The third day is the hottest yet. Harry looks for the woman first, largely to forestall Stanley, and tells the others that she is not there. The men work in the basement. Before going home, however, they climb to the roof to see the woman. Tom thinks that if his mates were not there, he would cross over to her roof and talk to her. Then Stanley screams mockingly, startling her. The fourth day they work in the basement again, but go to the roof at lunchtime for air. The woman is not there. Tom feels betrayed, for in his latest dream she invited him into her bed. The fifth day is hotter still, but the men must work on the roof; there is nothing for them to do in the basement. At midday the woman emerges and goes to a secluded part of the roof.
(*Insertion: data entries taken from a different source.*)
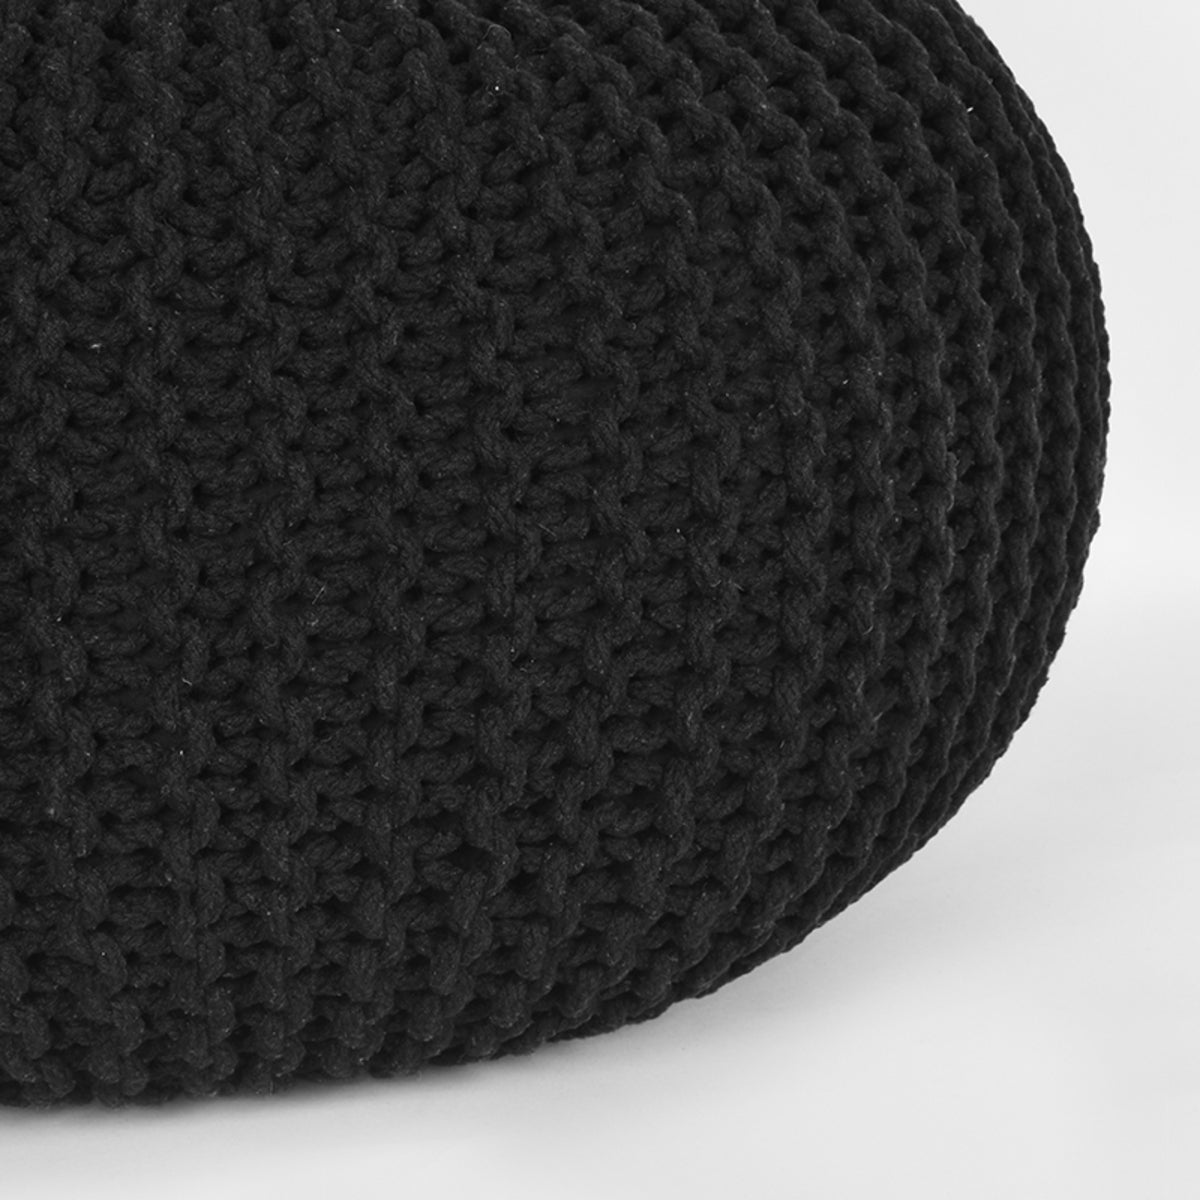 Pouf de Nancy tricoté - Fait main - Poufs - Industriel - Rond - Coton - Noir - 70 x 70 x 35 cm | L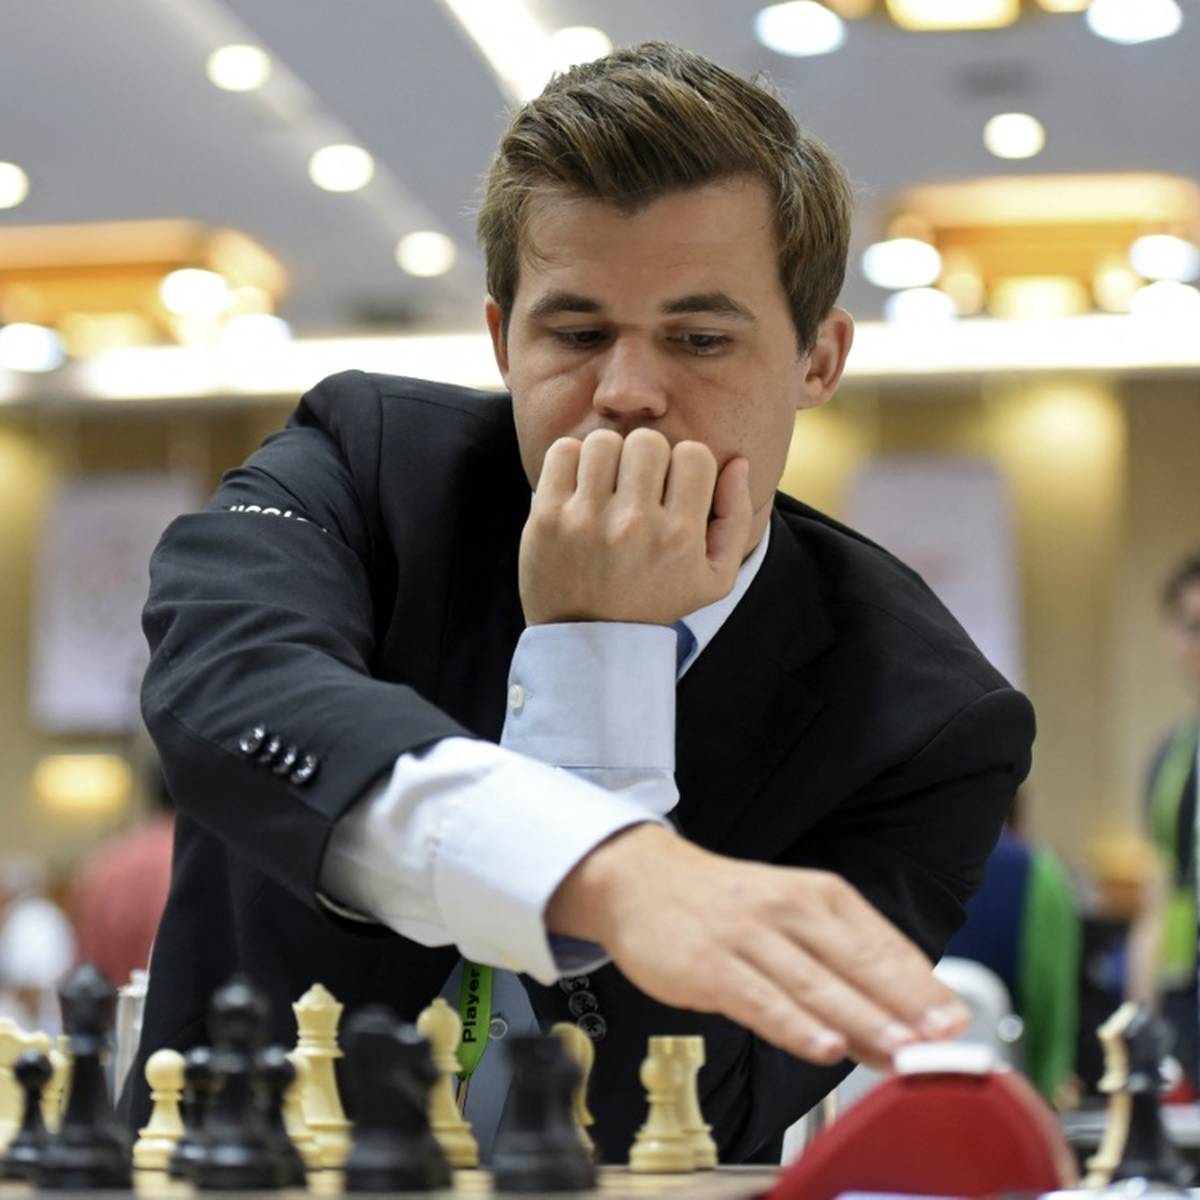 Weltmeister mit Klartext! Schach-Streit eskaliert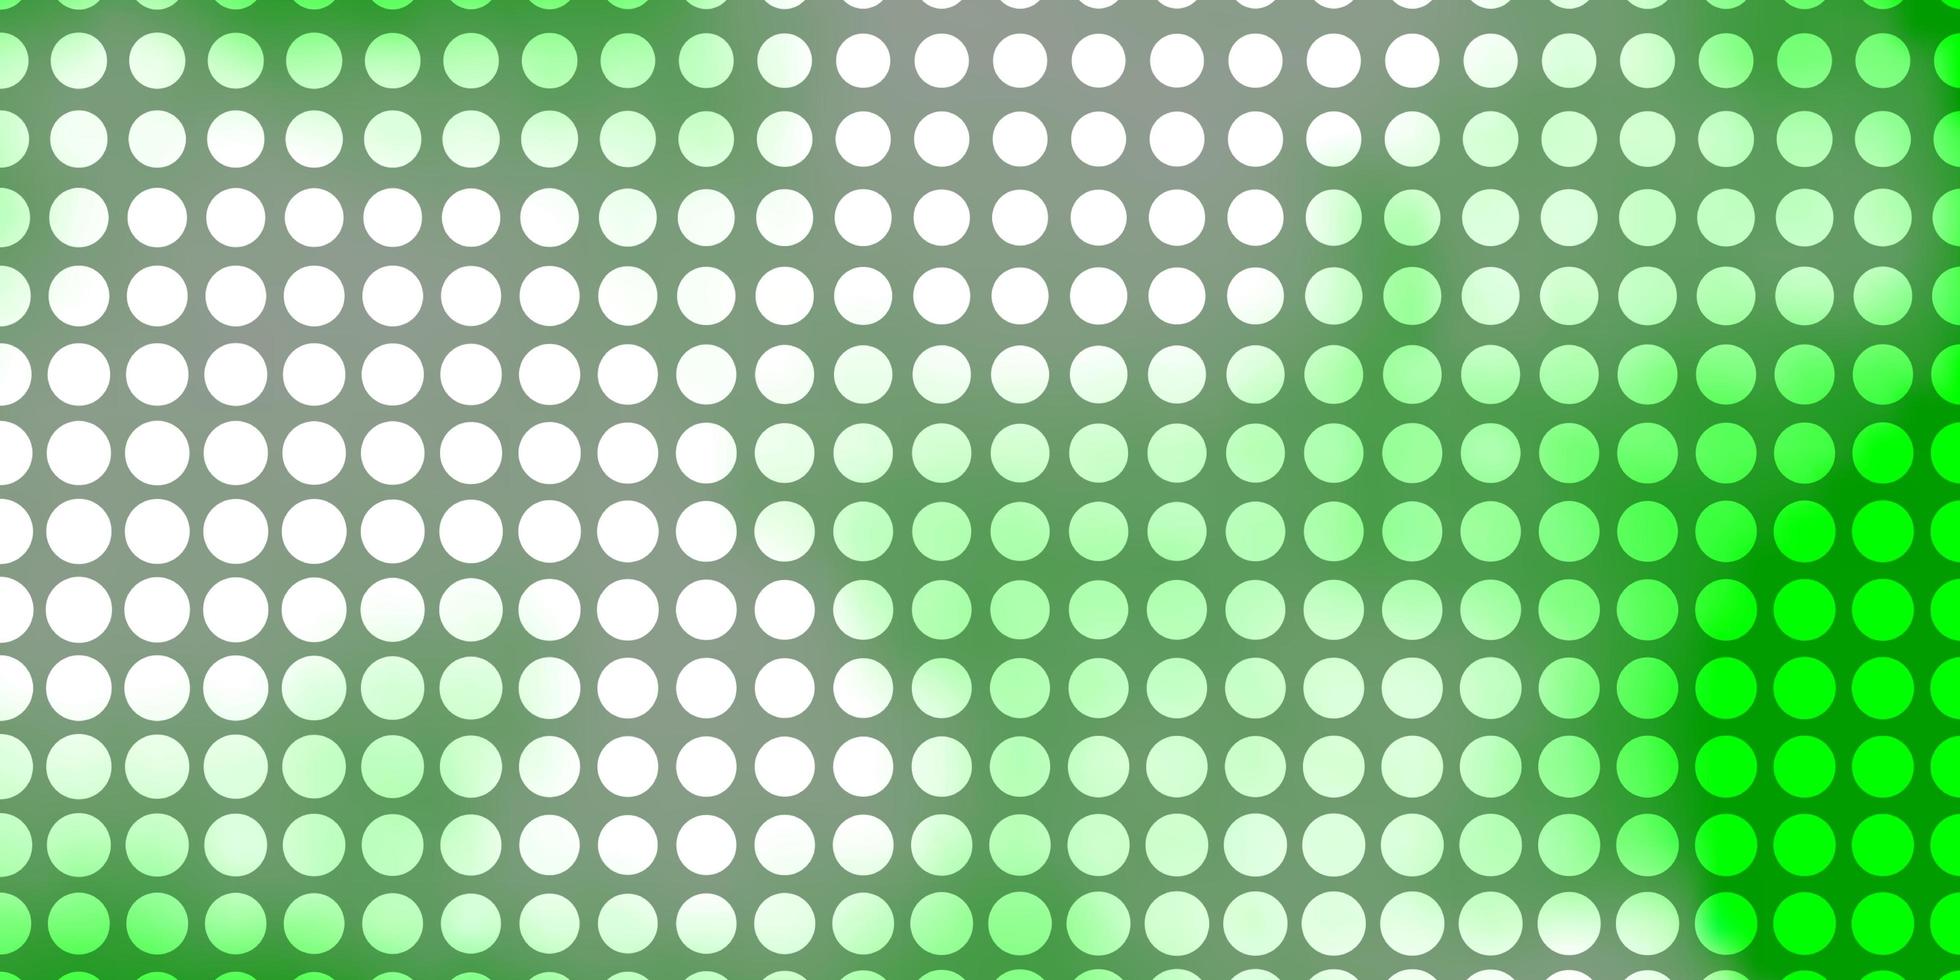 lichtgroen vector sjabloon met cirkels.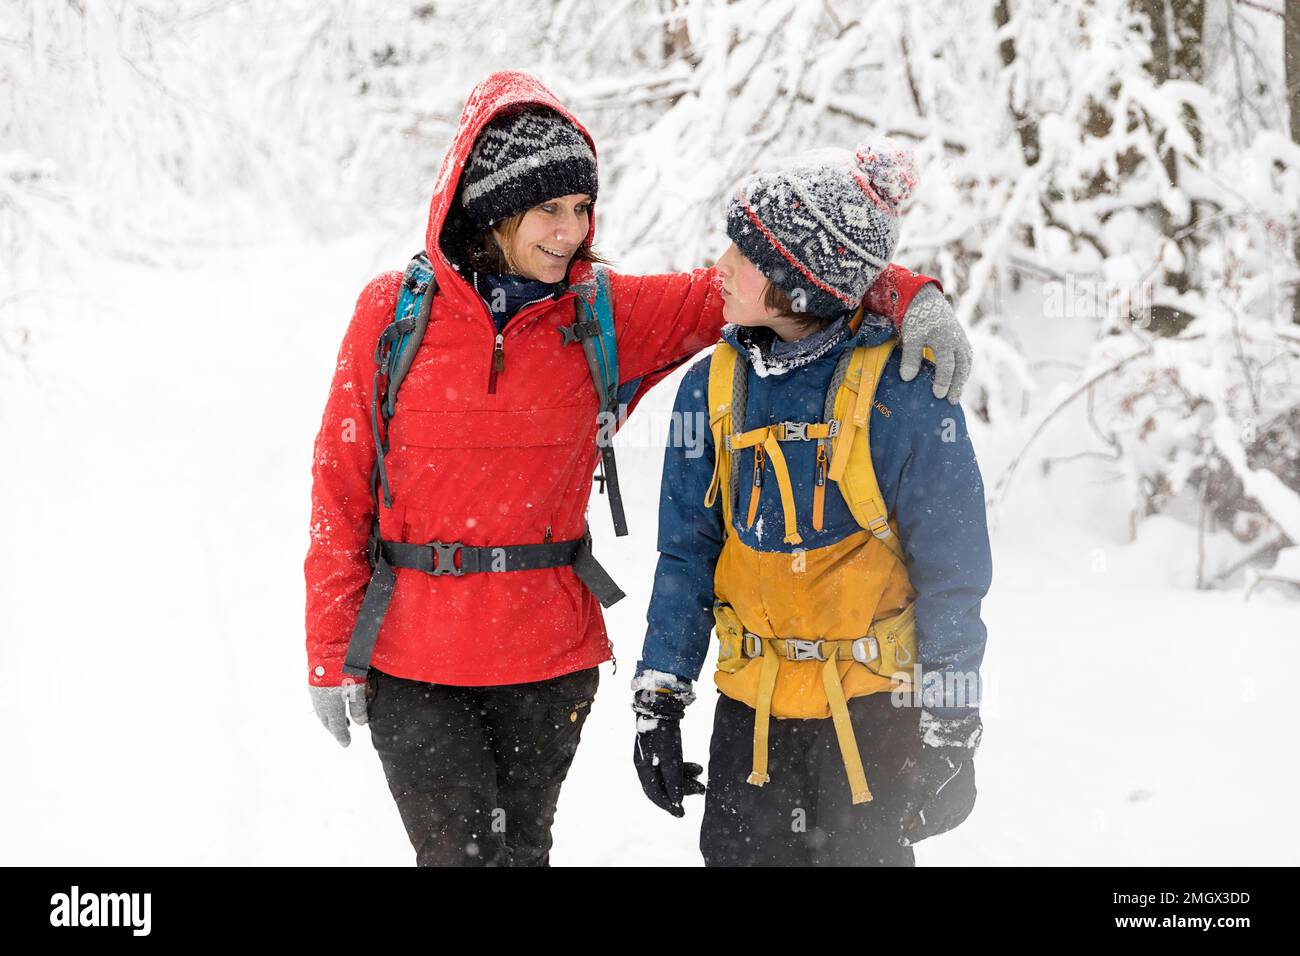 Mutter und Sohn haben Spaß beim Wandern im Winter während des Schneefalls in den Urwäldern der Region Notranjska, Dolenjske toplice, Slowenien Stockfoto

At the end of the day, Tom sees the woman, but tells Stanley that she is not there, thinking that by protecting her from Stanley, he is forming a bond with her.

The sixth morning feels like the hottest of all. The men delay their inevitable climb to the rooftop by accepting tea from Mrs. Pritchett, the lady who has lent them a blanket. After spending an hour at her kitchen table, they reluctantly go up to the roof. There they see the woman and resent her relaxed sunbathing while they work in the brutal heat. Stanley suddenly throws down his tools, goes to the edge of the roof, and starts whistling, screaming, and stamping his feet at the woman. Harry, realizing that Stanley’s wild behavior might bring them real trouble, orders the other two men off the roof. Stanley and Harry leave, but Tom sees his chance to meet the woman. He slips into the woman’s building, climbs to the roof, and stands before her, “grinning, foolish, claiming the tenderness he expected from her.” Tom tries to talk to her, but she dismisses him abruptly and ignores him until he goes away.

Tom wakes up on the seventh day to a gray, drizzly morning. “Well, that’s fixed you, hasn’t it now?” he thinks viciously. “That’s fixed you good and proper.” The three men now have the roof to themselves, as they plan to finish the job by the end of the day.